Factor analysis of difficulty estimates

An examination of the data using SPSS showed satisfactory linearity with no evidence of curvilinearity or heteroscedasticity in bivariate scatterplots. All z scores were found to be within 3.29 (p < .001). No multivariate outlier with a Mahalanobis distance greater than χ²(3) = 16.266 at p < .001 was found. The Kaiser-Meyer-Olkin test of sampling adequacy for factorability of the correlation matrix was .67. Given the high correlation between the Y/N and Rater 1, the squared multiple correlations of each variable with the other two variables were tested for multicollinearity. While the squared multiple correlations are .86 for the Y/N, .87 for Rater 1, and .45 for the VLT, and the conditioning index is less than 30, both the Y/N and Rater 1 have variance proportions greater than .50 associated with the same root; thus multicollinearity does not appear to be a problem.
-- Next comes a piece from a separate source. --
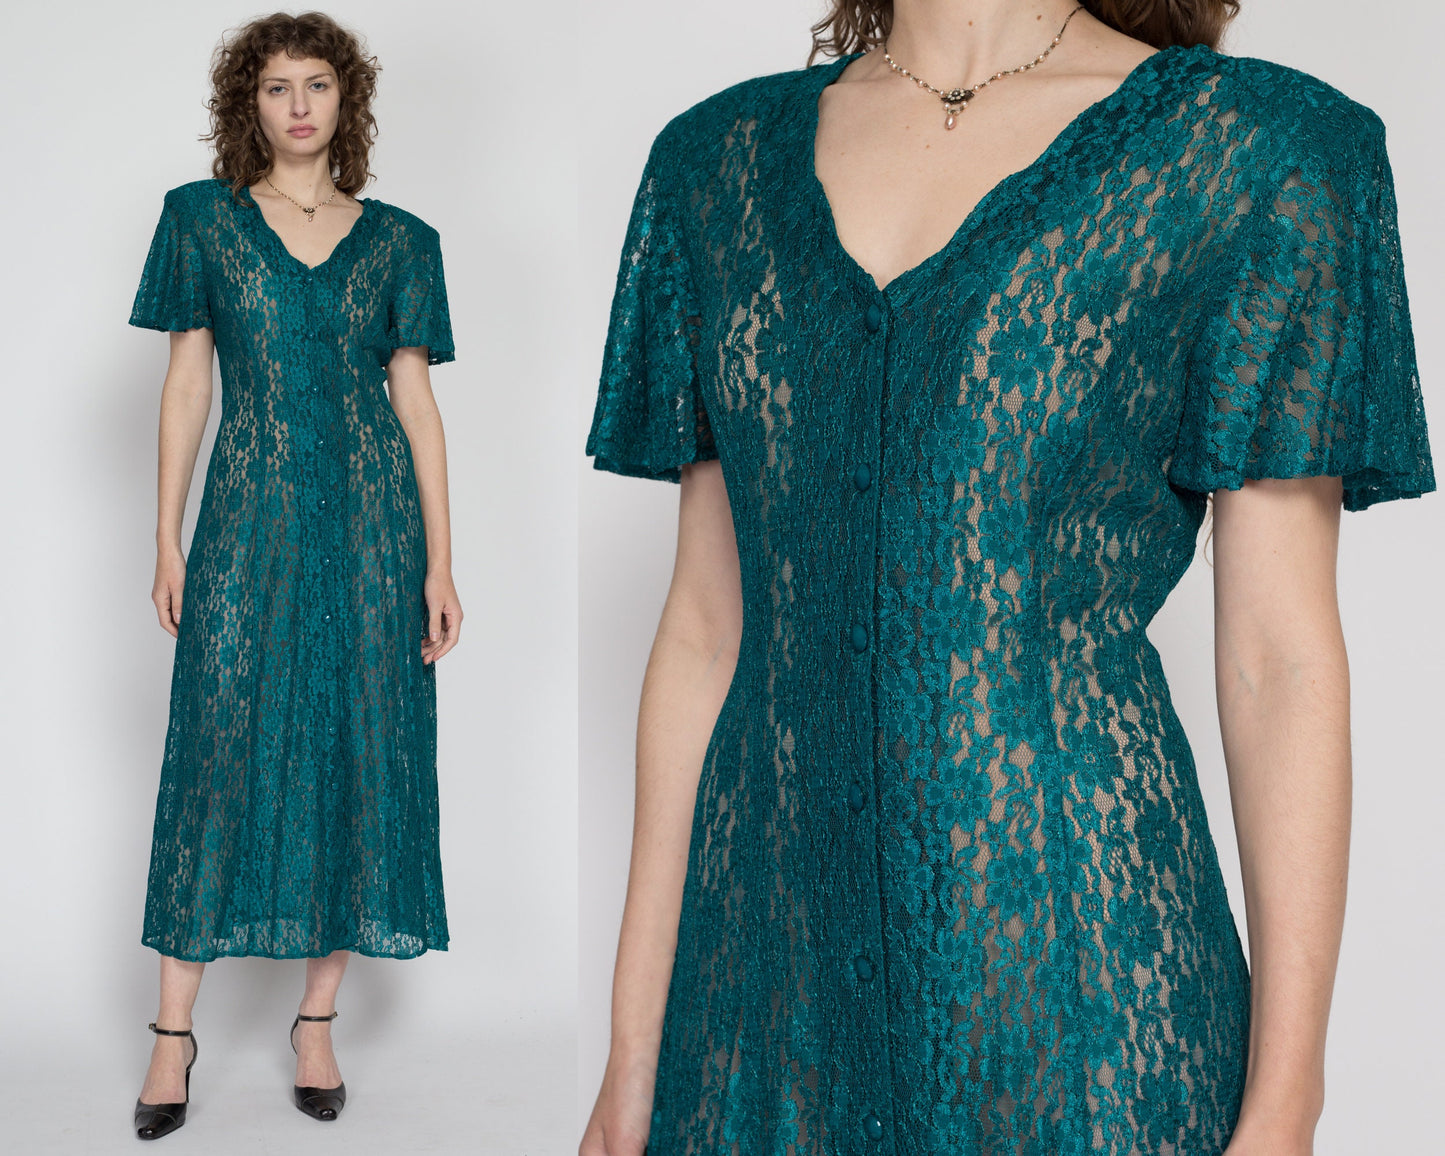 Medium 90s Emerald Green Sheer Lace Maxi Dress | Vintage Flutter Sleeve Button Up Boho Grunge Sundress
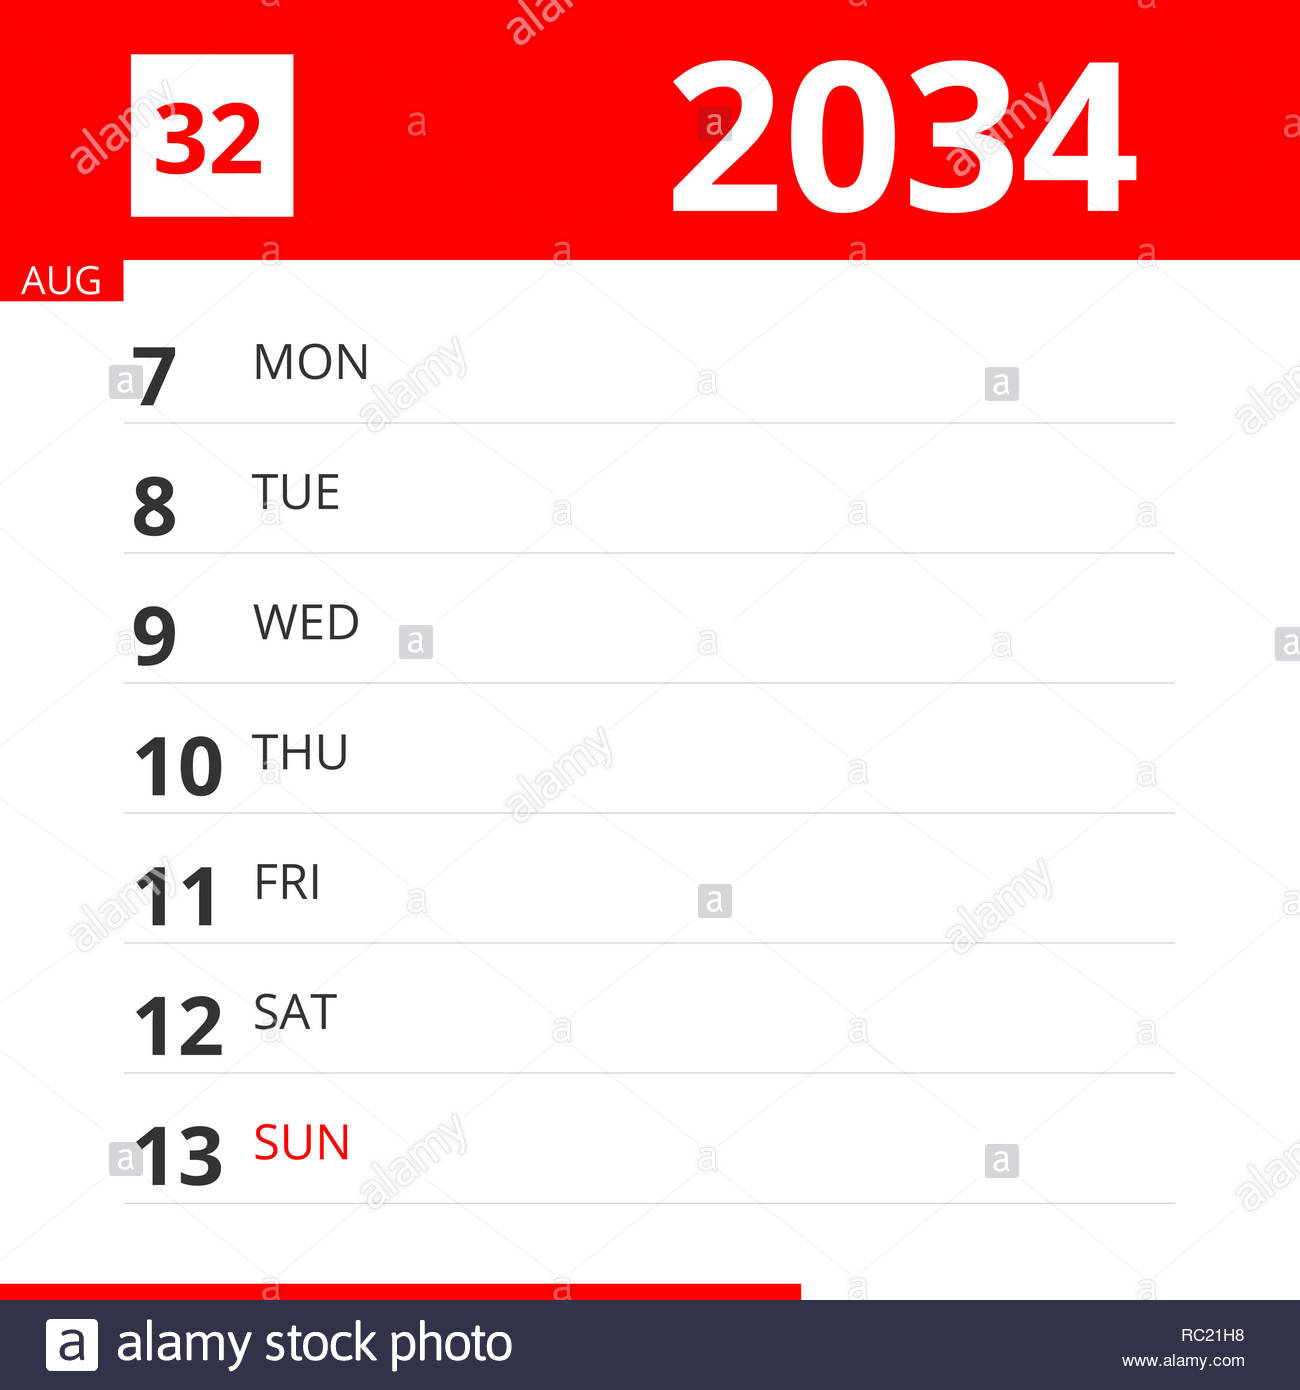 Calendar Planner For Week 32 In 2034, Ends August 13, 2034

A principal axis factor analysis was performed on the Y/N, Rater 1, and VLT item difficulty estimates. The first eigenvalue, at 2.50, accounted for 83.22% of variance, the second 14.45%, and the third 2.32%. The loadings on the extracted factor were .93 for the Y/N, .99 for Rater 1, and .68 for the VLT.